Sample FAqT deployment describes how to deploy this service using twistd.

Other example python SADI services

Jim started a collection of services for LOBD in its google code svn.

http://sadiframework.org/registry/ allows others to submit SADI service URIs, whose descriptions are available from a SPARQL endpoint in the graph named <http://sadiframework.org/registry/>. A wrapper to that endpoint is available here. SADI services registered at http://sadiframework.org/registry/ are listed at http://sadiframework.org/registry/services.

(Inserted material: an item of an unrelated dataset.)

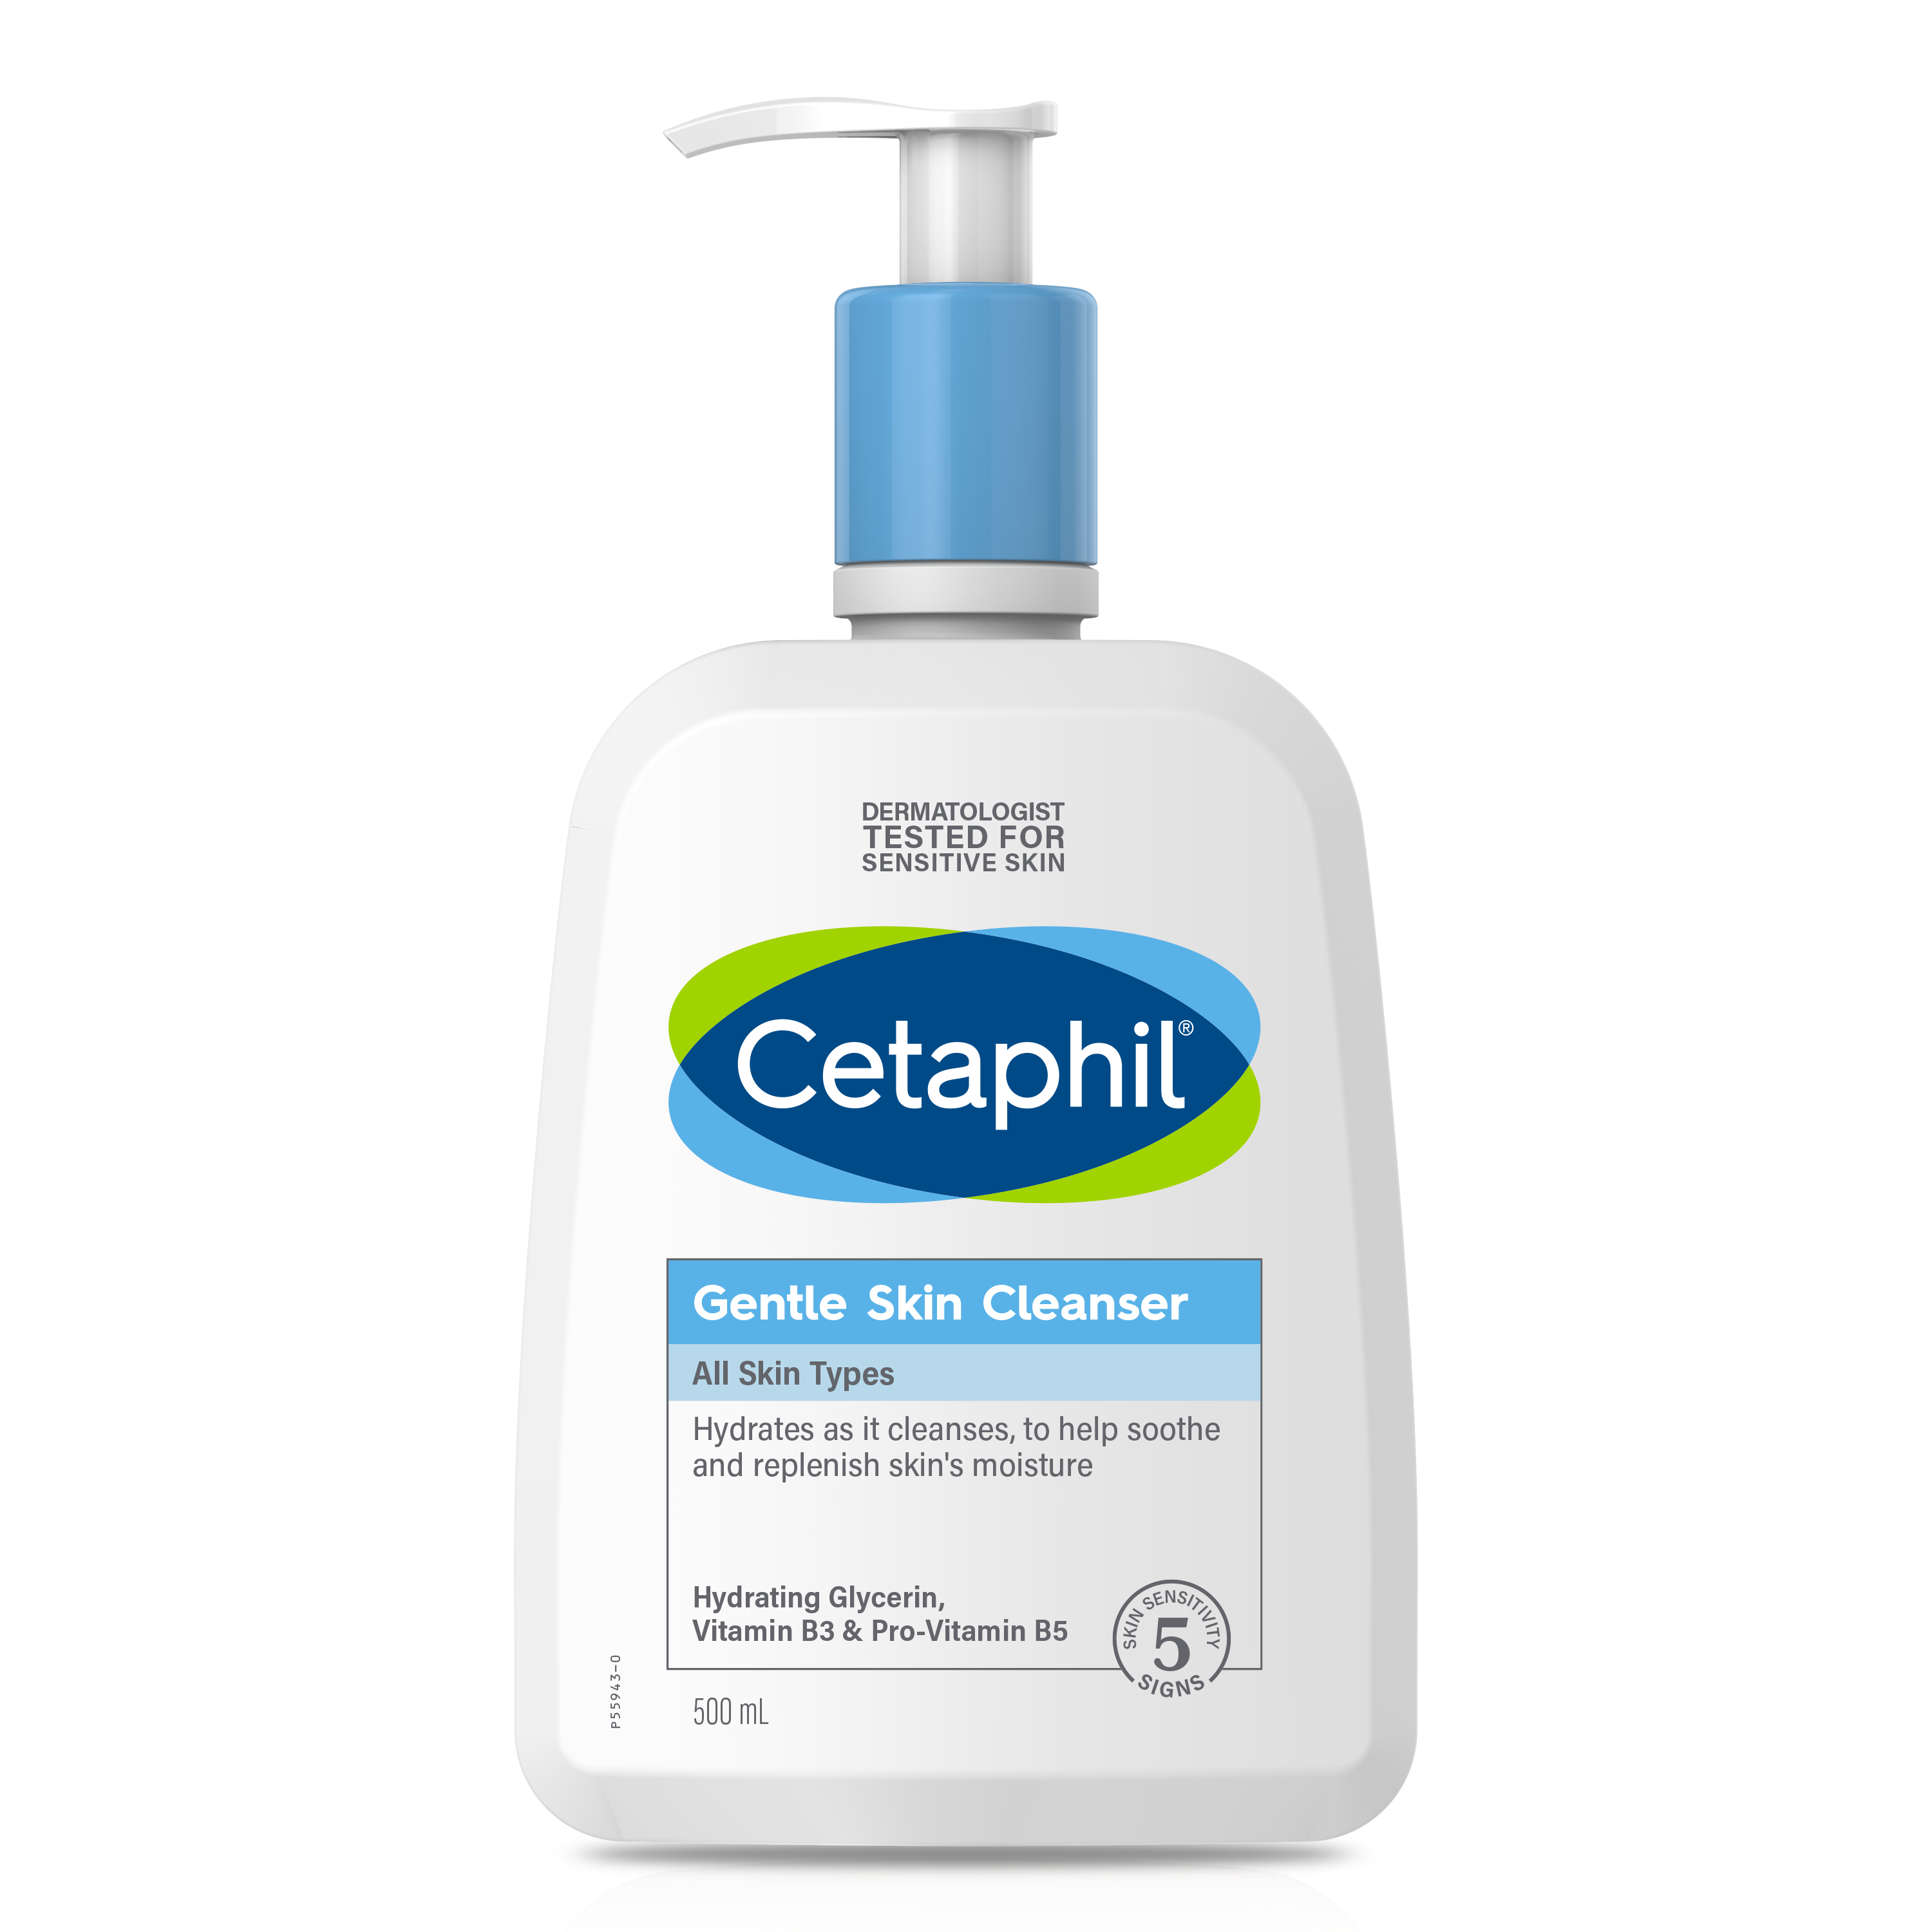 Cetaphil Gentle Skin Cleanser sẽ là lựa chọn lý tưởng để rửa mặt hàng ngày, vừa an toàn, lành tính, duy trì màng ẩm tư nhiên và kích thích sản sinh Ceramide
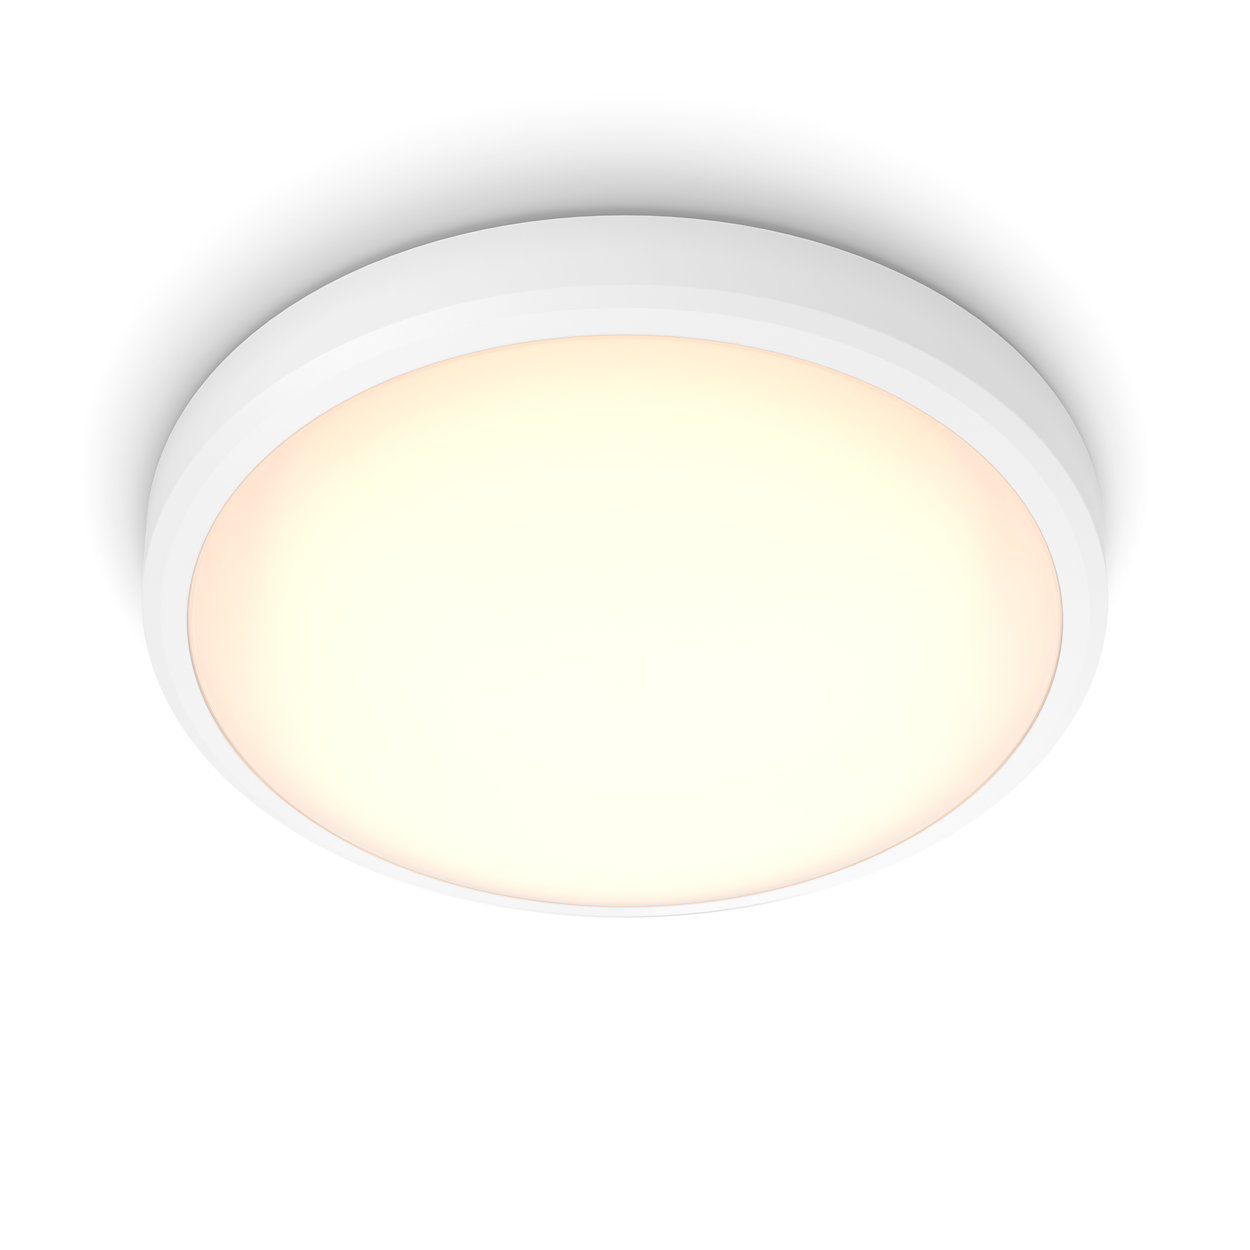 Komfortable LED-Beleuchtung, die Ihre Augen schont

See also the Resources tab.

Debugging in the python interpreter

bash-3.2$ python
Python 2.7.1 (r271:86832, Jun 16 2011, 16:59:05) 
[GCC 4.2.1 (Based on Apple Inc. build 5658) (LLVM build 2335.15.00)] on darwin
Type "help", "copyright", "credits" or "license" for more information.
>>> from surf import *
>>> store = Store(reader="rdflib", writer="rdflib", rdflib_store="IOMemory")
>>> session = Session(store)
>>> store.reader.graph.parse(open('arrayexpress-e-afmx-1.ttl'),format='n3')
<Graph identifier=_5ed9652e-1b37-4793-8b4a-f61edb081bb6 (<class 'rdflib.graph.Graph'>)>
>>> query='''prefix void:     <http://rdfs.org/ns/void#>
... prefix datafaqs: <http://purl.org/twc/vocab/datafaqs#>
... prefix dcterms:  <http://purl.org/dc/terms/>
... select distinct ?group
... where { 
...    <http://thedatahub.org/en/dataset/arrayexpress-e-afmx-1> 
...       a datafaqs:CKANDataset; 
...       dcterms:isPartOf ?group .
...    ?group a datafaqs:CKANGroup .
... }
... '''
>>> results = store.execute_sparql(query)
Traceback (most recent call last):
  File "<stdin>", line 1, in <module>
  File "/Library/Python/2.7/site-packages/SuRF-1.1.4_r352-py2.7.egg/surf/store.py", line 200, in execute_sparql
    return self.reader.execute_sparql(sparql_query, format = format)
  File "/Library/Python/2.7/site-packages/surf.rdflib-1.0.0_r338-py2.7.egg/surf_rdflib/reader.py", line 87, in execute_sparql
  File "/System/Library/Frameworks/Python.framework/Versions/2.7/lib/python2.7/json/__init__.py", line 326, in loads
  File "/System/Library/Frameworks/Python.framework/Versions/2.7/lib/python2.7/json/decoder.py", line 360, in decode
TypeError: expected string or buffer

SADI using sadi.py (take 2)

Jim updated sadi.py to eliminate SuRF dependencies. Instead, it uses just rdflib 4. He still points to https://code.google.com/p/sadi/wiki/BuildingServicesInPython for its documentation, and suggests to use virtualenv.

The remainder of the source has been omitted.